Big consulting firms like Accenture, Deloitte and KPMG typically strike lucrative alliances with tech vendors for business transformation programs and also generate fee income with bespoke deployments of new tech like AI. But Salesforce is also having a chip at those firms with its market strategy admonishing companies to “don’t DIY your AI”.
“What the CIOs will do is they'll probably want to try to build something... you're going to spend a long time doing it, it's fraught with risk,” Perez said.
Responsibly wrong
Still, David Droga sees agents and AI as the top agenda item for his business and individuals because of the jobs that will go and the disruption they will create for enterprise.
But he challenged the business community to not ignore human-led creativity, innovation and lateral thinking for “best practice and processes”. Start with the customer or consumer need and “work backwards”, he said, pointing to many apps which “in most categories, not everyone, but a lot of categories, they’re actually all the same. It feels like box ticking. Sometimes companies start with best practices and process to get somewhere, and they get sort of caught up in what I call responsibly wrong.”
Synthetics incoming
Droga also said “synthetic” customers and personas are another big ticket item on his agenda.

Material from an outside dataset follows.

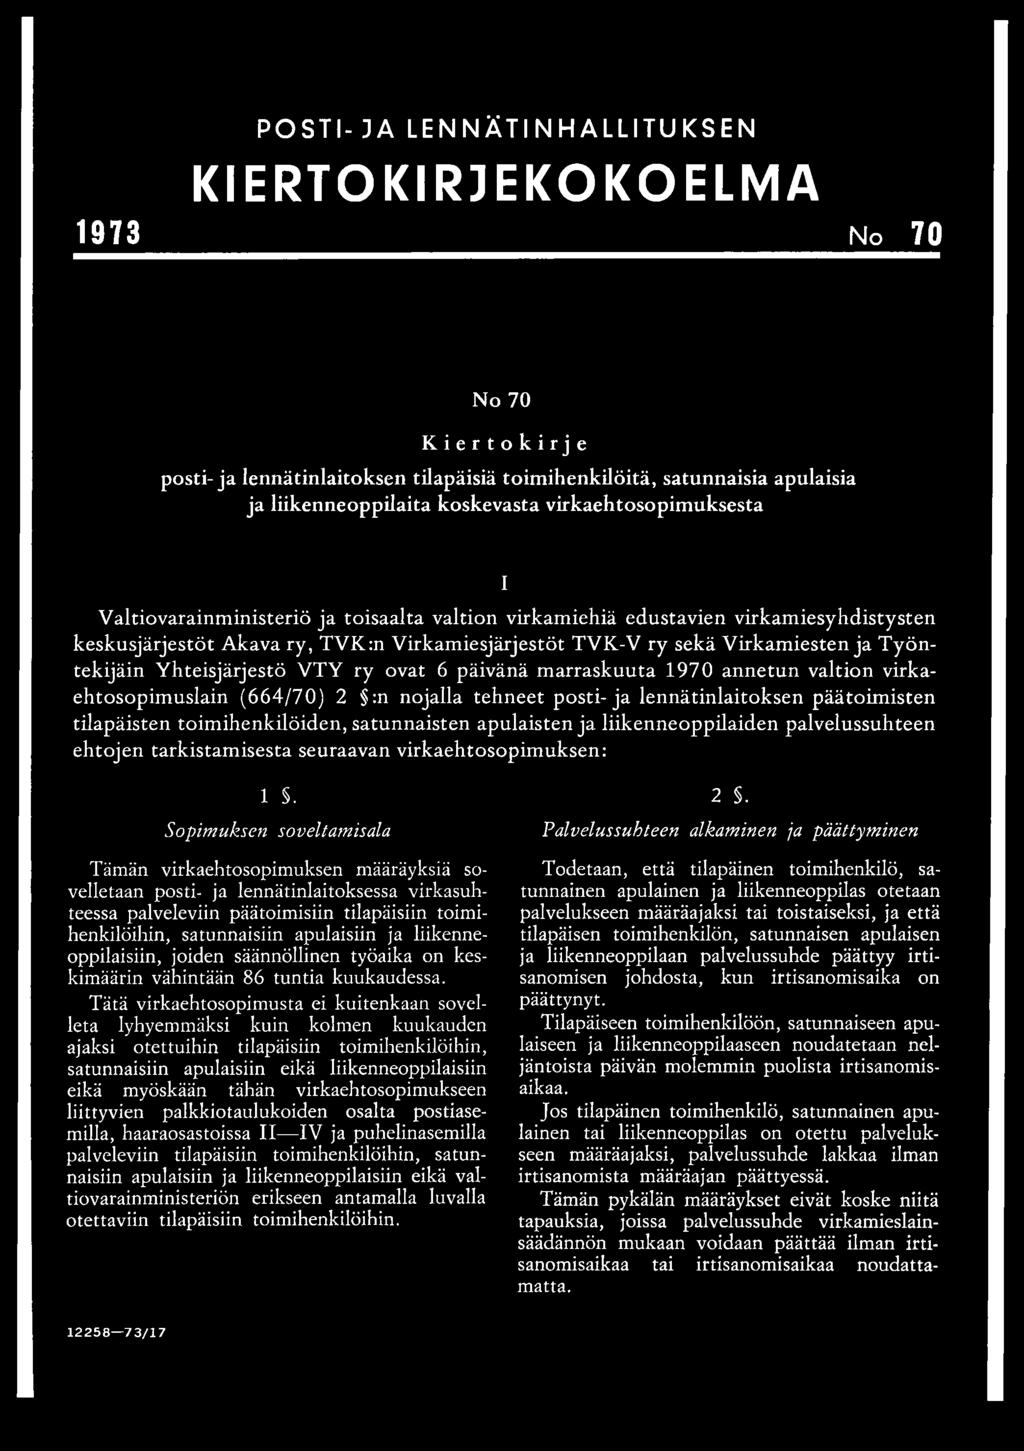 Työntekijäin Yhteisjärjestö VTY ry ovat 6 päivänä marraskuuta 1970 annetun valtion virkaehtosopimuslain (664/70) 2 :n nojalla tehneet posti-ja lennätinlaitoksen päätoimisten tilapäisten

Synthetic customers and consumers are essentially constructed in their thousands, sometimes millions, with AI to mirror real world people in different demographics, life stages and cultures. Some in B2B businesses are already building synthetic CEOs, CFOs and other c-suite functions to predict their interest or response to initiatives and developments.
“You can get real time results and test new products,” Droga told Business Summit delegates. “You can test marketing campaigns. You can test all these different things … it's been used in government, where we get results in hours, as opposed to four or five months of trials.”
He cited a recent Accenture investment in a US start-up polling firm using synthetic consumers.
“It’s unbelievable, the three founders, two of them are 19, one of them is 16 – and the 16 year old was at MIT when he was 13 – they predicted everything within 99 ... basically almost 100 per cent of every result in the last election.”